The term "personal growth" used in the title of the article can be safely bracketed, since in this form of implementation it rather turns out to be a personal deformation. The development of qualities that improve adaptation to the environment at the expense of others that provide "internal ecology" - such as awareness, sensitivity, the ability to symbolize and assimilate - leads to a mosaic structure of the personality and, in general, impairs its adaptive abilities, since narcissistic adaptation occurs as if once and forever, without the ability to get out of the merger with your past experience and thus change it according to the current life situation.

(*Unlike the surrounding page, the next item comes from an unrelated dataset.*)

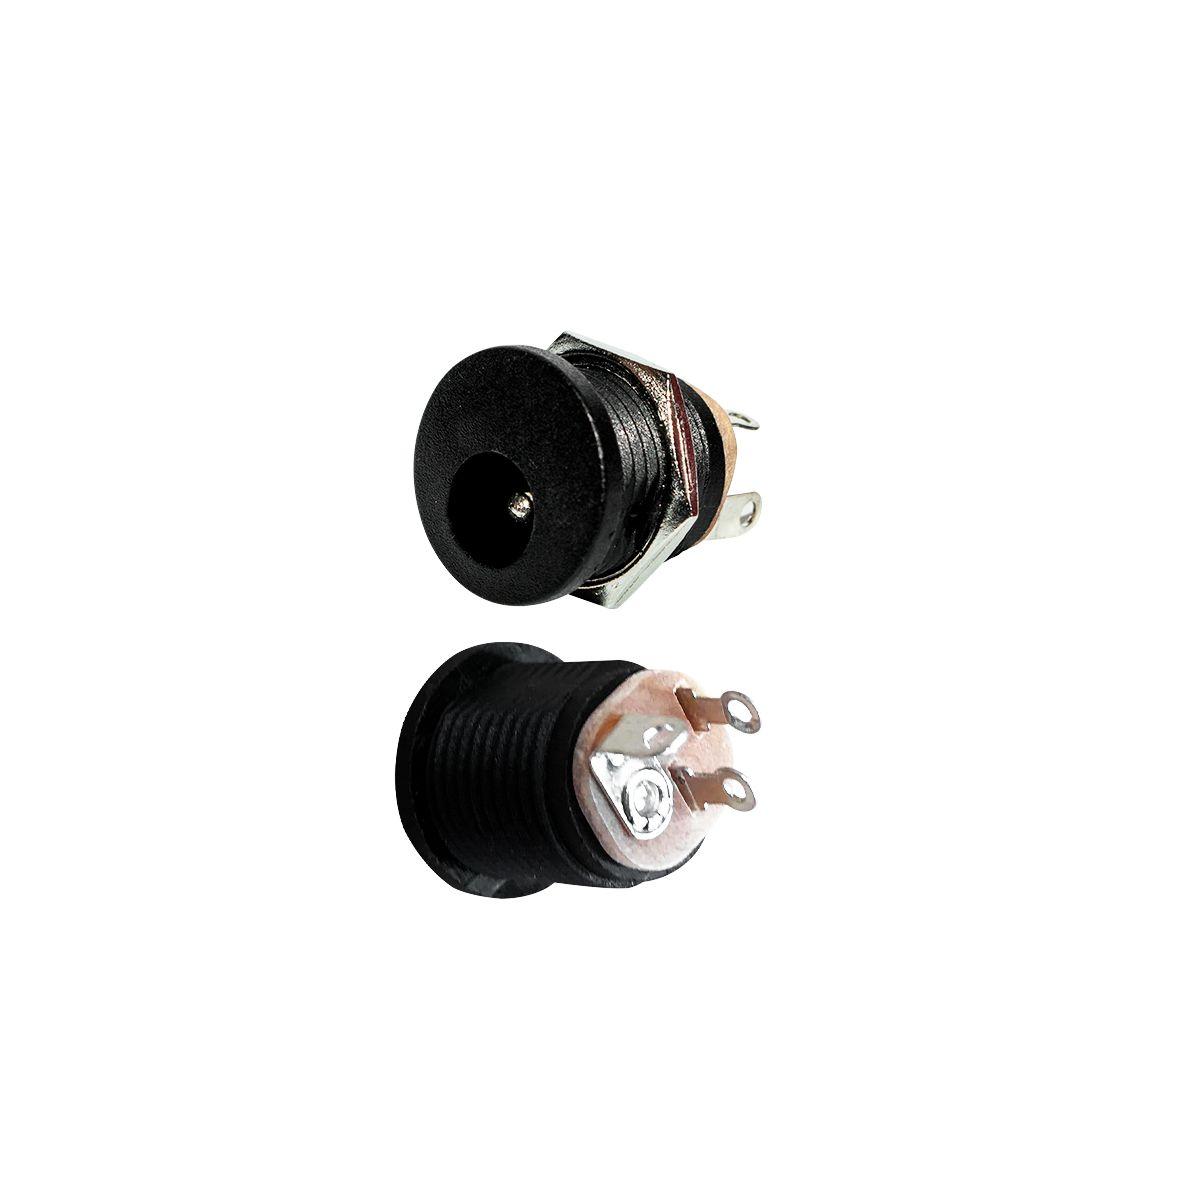 Kit 20 Unidades Conector Energia Pulverizador Elétrico 5/8/10L e Lavadoras

Narcissistic identity strikes the imagination in that the request for change arises from the part that in every possible way defends its method of organizing life and, in fact, conflicts with itself. The way in which the narcissistic client establishes a therapeutic relationship is symbolically in conflict with the values of the therapy, since in his work he substitutes demand for sensitivity and control for self-confidence. At some point, therapy with such a client comes to an impasse, since at this point either the rejection of the narcissistic distortion of reality, or of the therapy itself, is assumed.

In conclusion, we can say that narcissistic trauma occurs in a situation where safety is built not through attitude, but through introjection, which supports splitting. Symbolic exchange in relationships allows one to appropriate the required qualities and integrate them into the structure of one's own personality, while introjection remains an unitegrated element and turns out to be connected with external objects. What the narcissistic client cannot appropriate for himself, he is forced to conform. It can be said that the tragedy of narcissistic identity is that he invests in existence without being able to appropriate it and all the time remains dependent on the bearer of the required quality. For example, it requires approval or needs confirmation of the correctness of its choice. Roughly speaking, in this case, the approving figure never becomes an internal object.

Thus, the main challenge for the narcissistic client is that he needs to enter into a relationship, and this is exactly what he does worst. Relationships scare him because they have to relinquish control and enter a zone of uncertainty. However, this path guarantees a more reliable foundation for building security, as it turns out to be focused on the relevance and authenticity of the here-and-now moment.